Within the records below is a range that opens at the line with "Prefa Brno, a." and closes at the line with "Hose aus Wolle". Return that range word for word, both ends included, and only that range.

■ **PROVIDED RECORDS**
[Start of section]
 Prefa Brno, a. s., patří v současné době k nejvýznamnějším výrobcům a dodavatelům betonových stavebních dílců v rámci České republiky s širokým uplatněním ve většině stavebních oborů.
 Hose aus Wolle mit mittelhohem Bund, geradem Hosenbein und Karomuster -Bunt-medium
[End of section]
[Start of section]
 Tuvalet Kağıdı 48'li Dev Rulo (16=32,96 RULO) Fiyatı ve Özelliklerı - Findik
[End of section]
[Start of section]
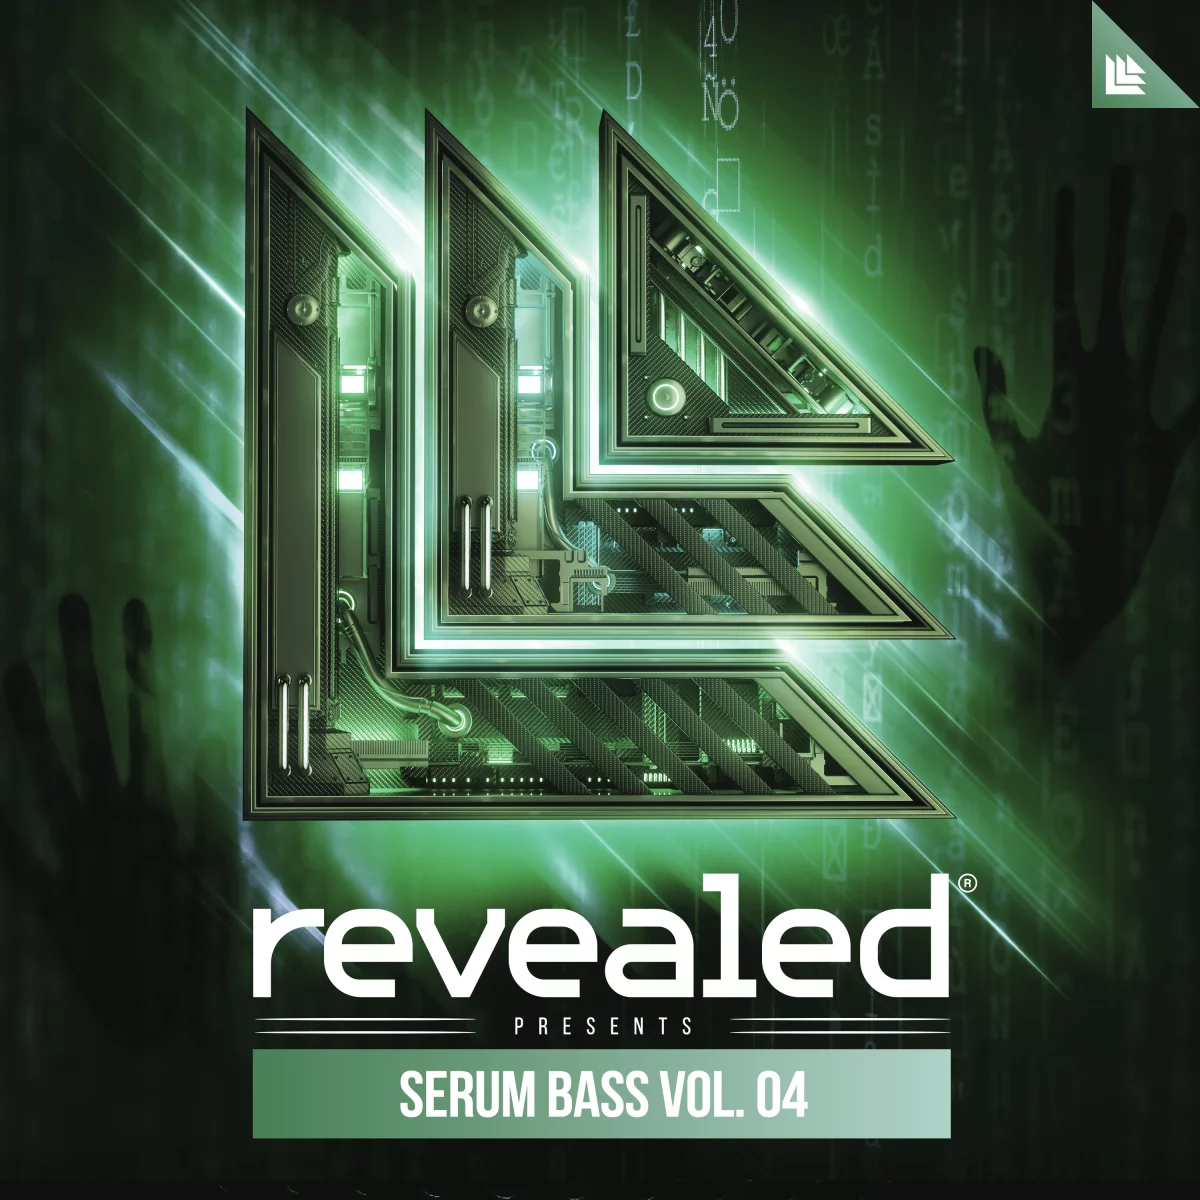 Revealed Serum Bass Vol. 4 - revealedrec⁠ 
[End of section]
■ **RESPONSE TO THIS TASK**
 Prefa Brno, a. s., patří v současné době k nejvýznamnějším výrobcům a dodavatelům betonových stavebních dílců v rámci České republiky s širokým uplatněním ve většině stavebních oborů.
 Hose aus Wolle mit mittelhohem Bund, geradem Hosenbein und Karomuster -Bunt-medium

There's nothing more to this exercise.